A masked man walks by a sign on Exchange Street in Portland on Tuesday, Dec. 28, 2021. Credit: Troy R. Bennett / BDN

AUGUSTA, Maine — Maine lawmakers want to send millions more to a tobacco prevention fund cut under the former governor and still languishing under the current one.

Maine led states in tobacco prevention spending in the early 2000s. But the Fund for a Healthy Maine, which contains money from a landmark 1998 tobacco industry settlement, has often been diverted for purposes not directly related to smoking. Under former Gov. Paul LePage, it increasingly paid for Medicaid and still mostly goes toward that budget item.

After a high of $19 million spent in 2000, prevention funding has dwindled to just above an all-time low at $4.3 million per year, according to the Tobacco Advisory Council. Funding more than doubled in a two-year budget signed by Gov. Janet Mills in 2019, but lawmakers and the Democratic governor did not continue that during this budget cycle.

Buoyed by an $800 million revenue surplus expected through mid-2023, Democrats and some Republicans are backing a bill to add $10 million over two years toward anti-smoking efforts. Supporters argue it is critical in a state with the highest amount of adult smokers in the Northeast and a higher lung cancer mortality rate than the rest of the U.S.

The state can easily fund the increase, Rep. Kristen Cloutier, D-Lewiston, the bill’s sponsor, told the Legislature’s health committee on Thursday. She also cited the ongoing threat of COVID-19, which is more dangerous for people with respiratory issues and other health risks.
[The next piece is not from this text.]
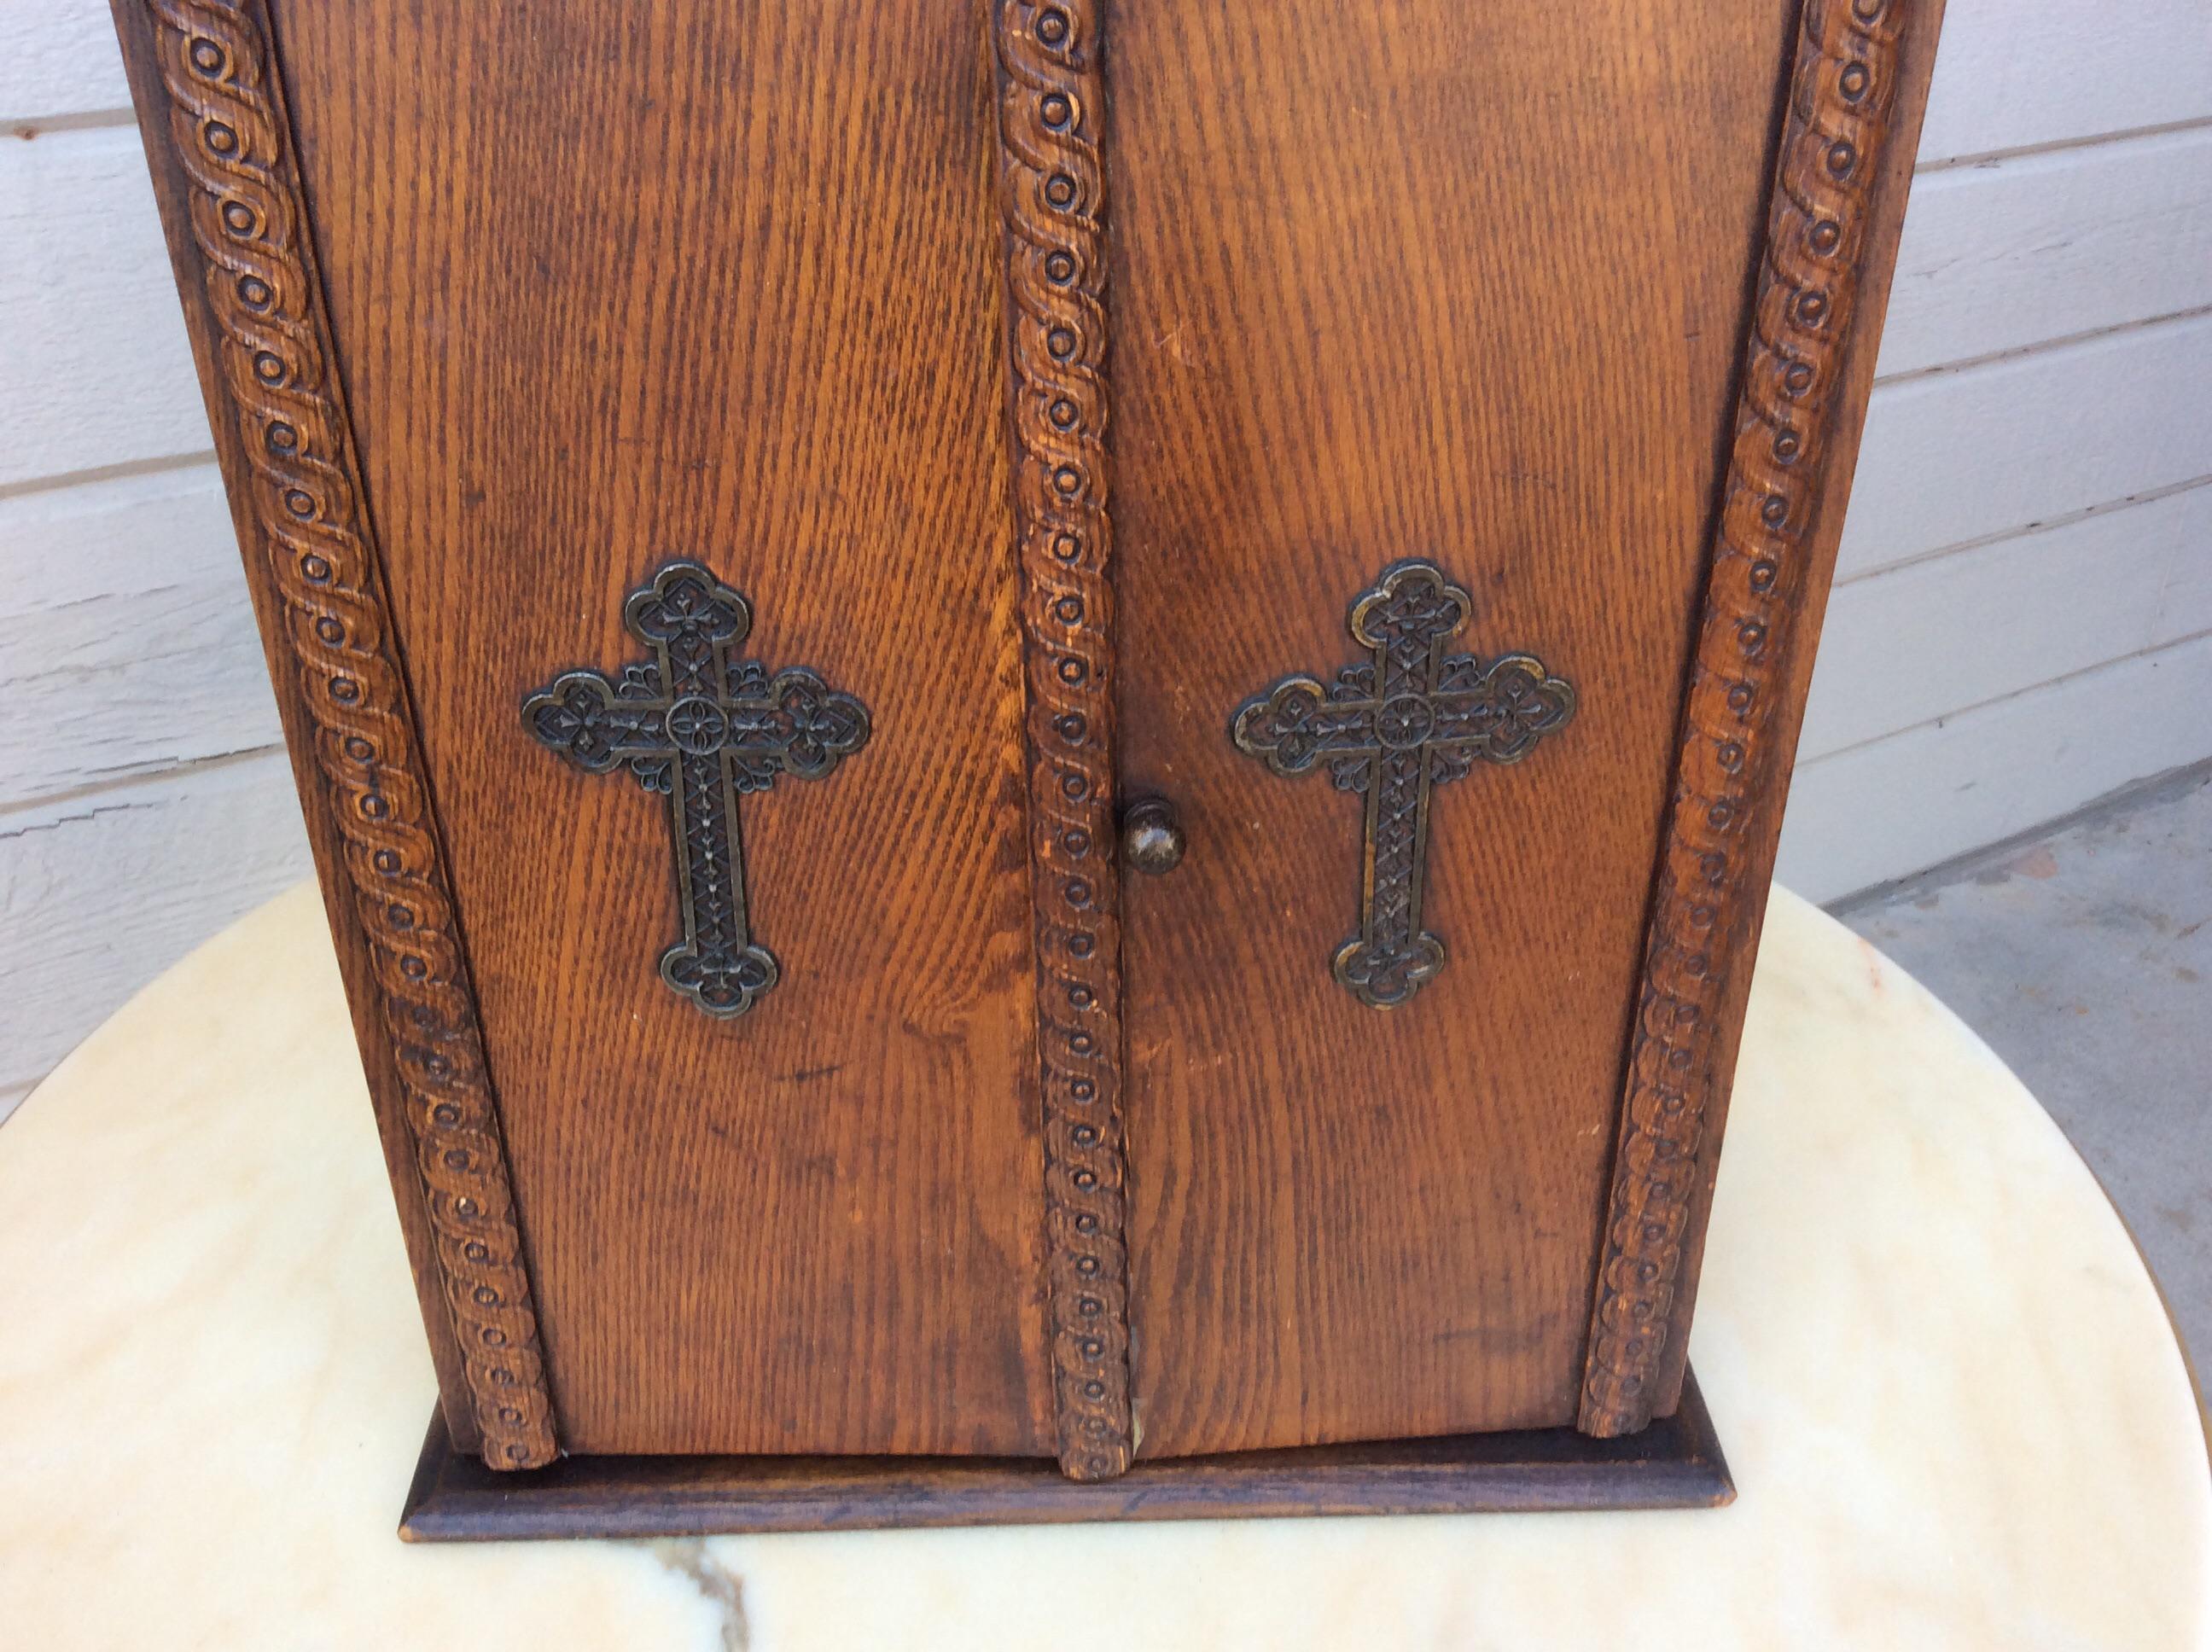 This Early 20th Century Wood Viaticum Cabinet and Home Altar Box is constructed with ornate details and two metal crosses on the front. This Alter Cabinet was once used for The Last Rites of the Catholic Church and contained the necessary articles

“While we are in the midst of a global pandemic, fighting a virus that attacks our lungs, we need to be doing all that we can to prevent tobacco use and to help current smokers to quit,” she said.

Maine has taken aggressive action on tobacco in recent years. The Legislature overrode LePage’s veto in 2018 to make Maine the fifth state to raise the legal purchase age to 21. Cloutier’s bill drew no opposition on Thursday and it is sponsored by two Republicans, Sens. Marianne Moore of Calais and Paul Davis of Sangerville.
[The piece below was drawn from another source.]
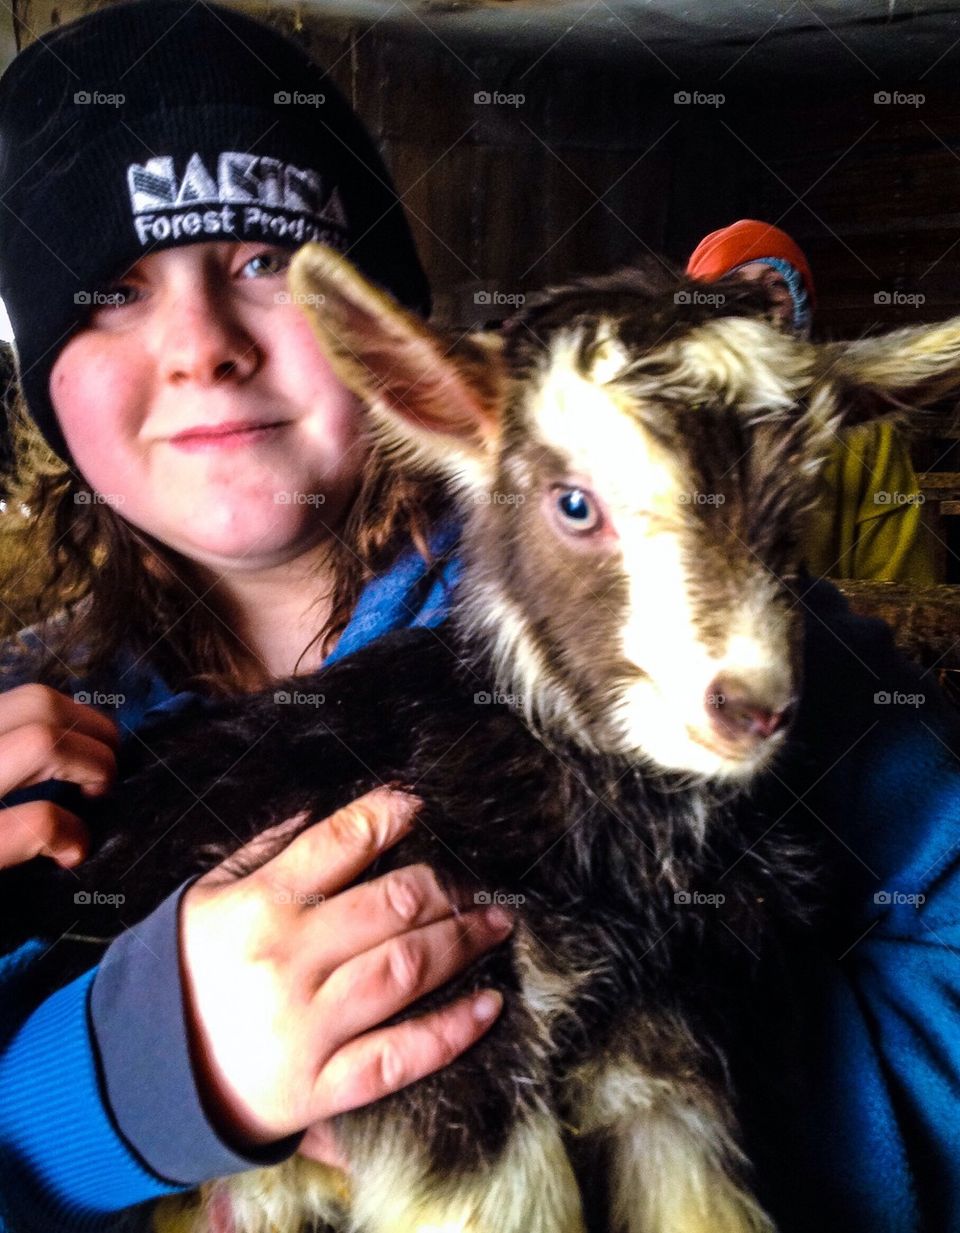 Girl Holding a Baby Goat

While there may be wide support, lawmakers are going to have to elevate it on their list of priorities. A measure to ban flavored tobacco that was supported by Mills, but it was cut out of a bipartisan budget deal inked last year over a $32 million cost and Republican opposition.

The Maine Tobacco Prevention and Control Advisory Council, a group that was dormant for years but recently revived, wants to see funding restored to federal recommendations of $15.9 million per year, according to their latest report. The panel is also recommending a cigarette tax hike that failed in the Legislature last year despite being endorsed by a committee.  

The council also wants the state to focus more attention on communities where tobacco use is more prevalent, such as among people of color and the LGBTQ+ community, and among younger people before their habits set in.

“We are obviously working on prevention, but we have a lot of young people that are addicted now and need help,” said Edward Miller, chair of the advisory council, during a briefing, “and it’s different help than you’d provide to a 40-year-old who has been smoking Camels for 25 years.”